Değişimin cazibesine kapılmamız, aslında bizi, farkında olmadığımız bir hayal kırıklığı riskinin de kıyısına taşımış olur. Şöyle ki; kendimizi geliştirmek için verdiğimiz karar, “öz-kontrol” algımızı, yani “kontrolün bizde olduğu algısını” yükseltir. Eğer verdiğimiz değişim kararlarını, psikolojik yapımız veya yeteneklerimiz açısından hayata geçirmeye elverişli olmadığımız halde, sırf değişimin cazibesine kapıldığımız için vermişsek, yanlış bir özgüven duygusu içine gireriz. Bu yanlış özgüven de bizi “yanlış umut sendromu” (the false-hope syndrome) denilen bir durumla karşı karşıya getirir. Gerçekçi olmayan beklentilerden dolayı ortaya çıkan yanlış umut sendromunun sonucu ise, ne yazık ki, değişmeyi umut ettiğimiz konularla ilgili üzücü bir hayal kırıklığıdır.
***
Birçok sözde “kişisel gelişim” kitabı insanları, yanlış umut sendromuna götürecek şekilde istismar eder. Bu kitaplar, insanlara, çaba sarf etmeden ve hızlı bir şekilde değişim vaat ederler. Araştırmalar da gösteriyor ki; insanlar kendi değişimlerini istedikleri yönde sonuçlandırma olasılıklarını abartmaya, fakat diğer insanların aynı konularda değişebilme olasılıklarına inanmamaya eğilimlidir. Araştırmaların bir diğer bulgusu ise, değişmeye çalışan insanların, geçmişte yaptıkları değişim girişimleriyle ilgili elde ettikleri başarıları, başarısız oldukları girişimlere nazaran daha fazla hatırlamaya yatkın olduklarıdır. Bu faktörlerin etkisiyle değişim için tekrar denemek oldukça cazip görünmeye başlar. Fakat değişim girişiminin başlangıcına eşlik eden iyimserlik, değişimin zorlukları yaşanmaya başladıkça dağılmaya başlar.
***
Peki, ne yapılmalı? İyimser ve umutlu olmak yanlış mıdır? Değişmeye çalışmak boş bir çaba mıdır? Tabii ki hayır! Yine de yanlış umut sendromuna düşmememiz için dikkat etmemiz gereken hususlar var:
1 Daha önceki başarısızlıklarımızı unutmamalı, onlardan ders çıkarmalı ve çok kısa sürede sonuç beklememeliyiz.

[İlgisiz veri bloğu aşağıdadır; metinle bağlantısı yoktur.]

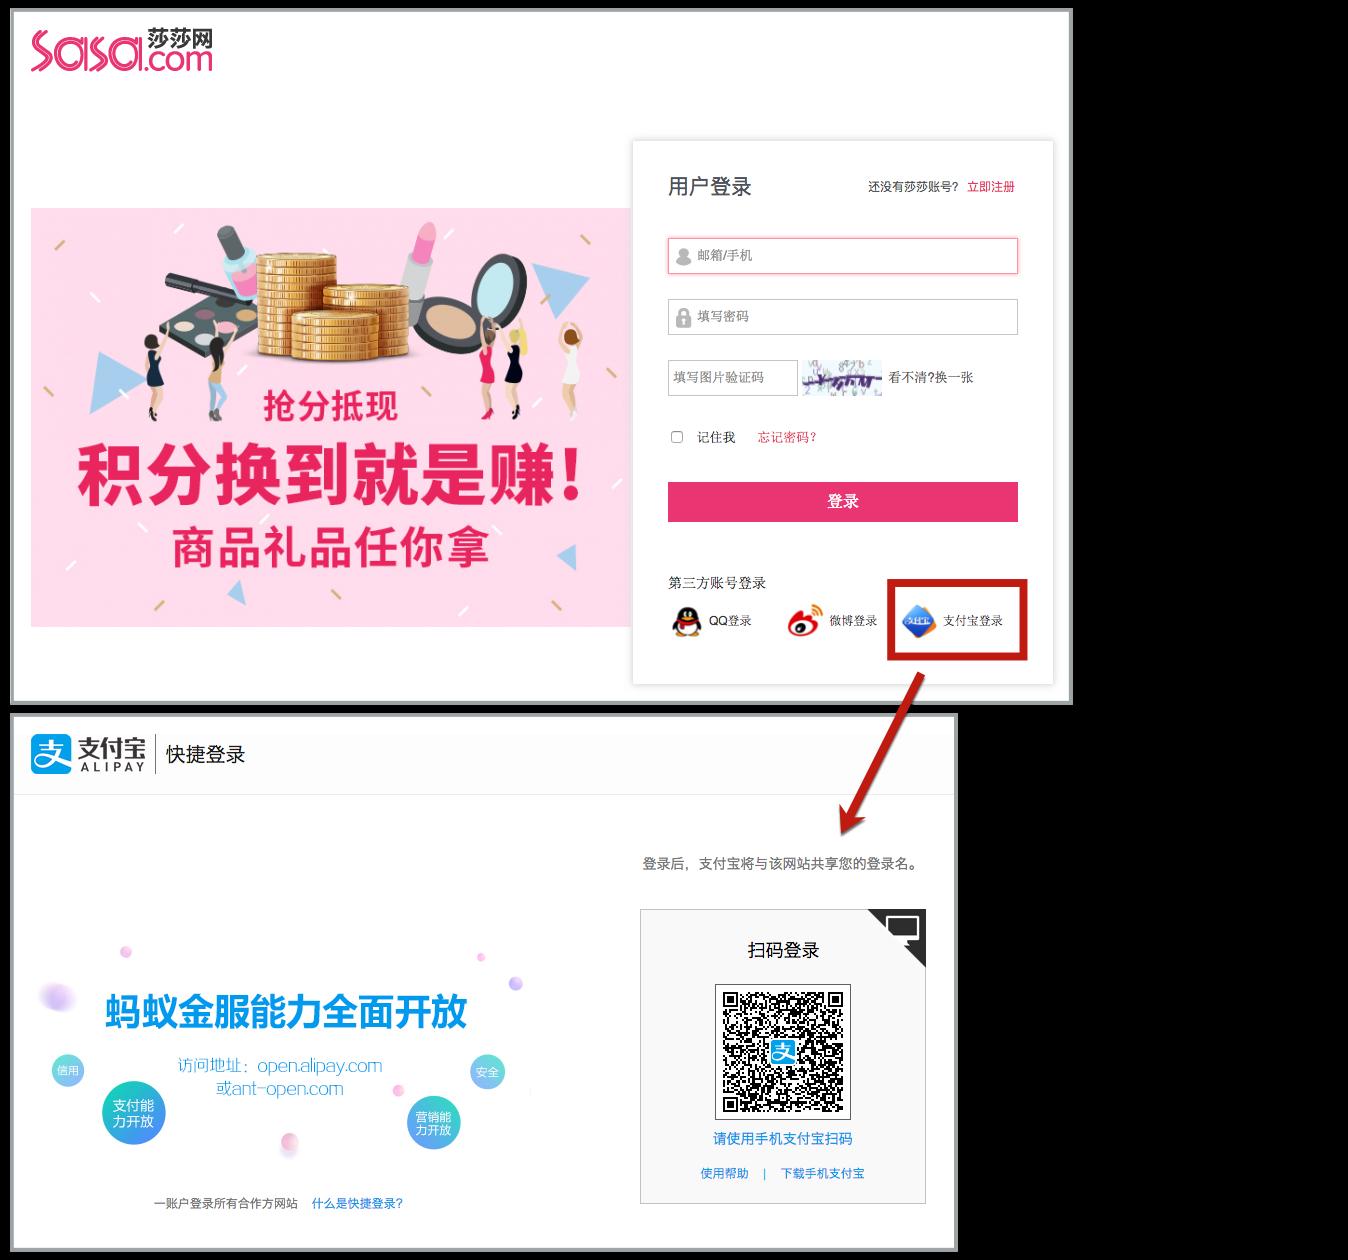 通过支付宝链接登录后,用户进入支付宝网站,并按照指示扫描二维码进行登录

2 Kendimizi kandırmamalı ve değişim için aynı yöntemleri tekrar tekrar kullanmak yerine daha farklı bakış açıları geliştirmeye çalışmalıyız.
3 Ulaşılması zor ve gerçekçi olmayan hedefler koyarak bunlara büyük umutlar beslemekten kaçınmalıyız.
4 Herkes değişebilir ve gelişebilir, ancak ilk değiştirmemiz gereken şey değişime olan bakış açımızdır.
5 Umut etmekten korkmayın ama aynı hataları yapmaktan korkun.
Yeni yılda daha güzel bir dünyaya dair dilediğimiz dileklerimizin gerçekleşmesi için belki başkalarını değiştiremeyiz ama kendimizle ilgili gerçekçi beklentilere dayanan değişimler gerçekleştirip özlediğimiz dünyanın oluşumuna katkıda bulunabiliriz. Hepinize yaşadıklarınızdan öğrendiklerinizin ışığında değişim çaba ve umutlarınızın birer birer gerçekleştiği bir yıl diliyorum. Mutlu yıllar!
Uzman Psikolog Nazım Serin
Kaynak : Polivy, J., & Herman, C. P. (2000). The false-hope syndrome: Unfulfilled expectations of self-change. Current Directions in Psychological Science, 9(4), 128-131.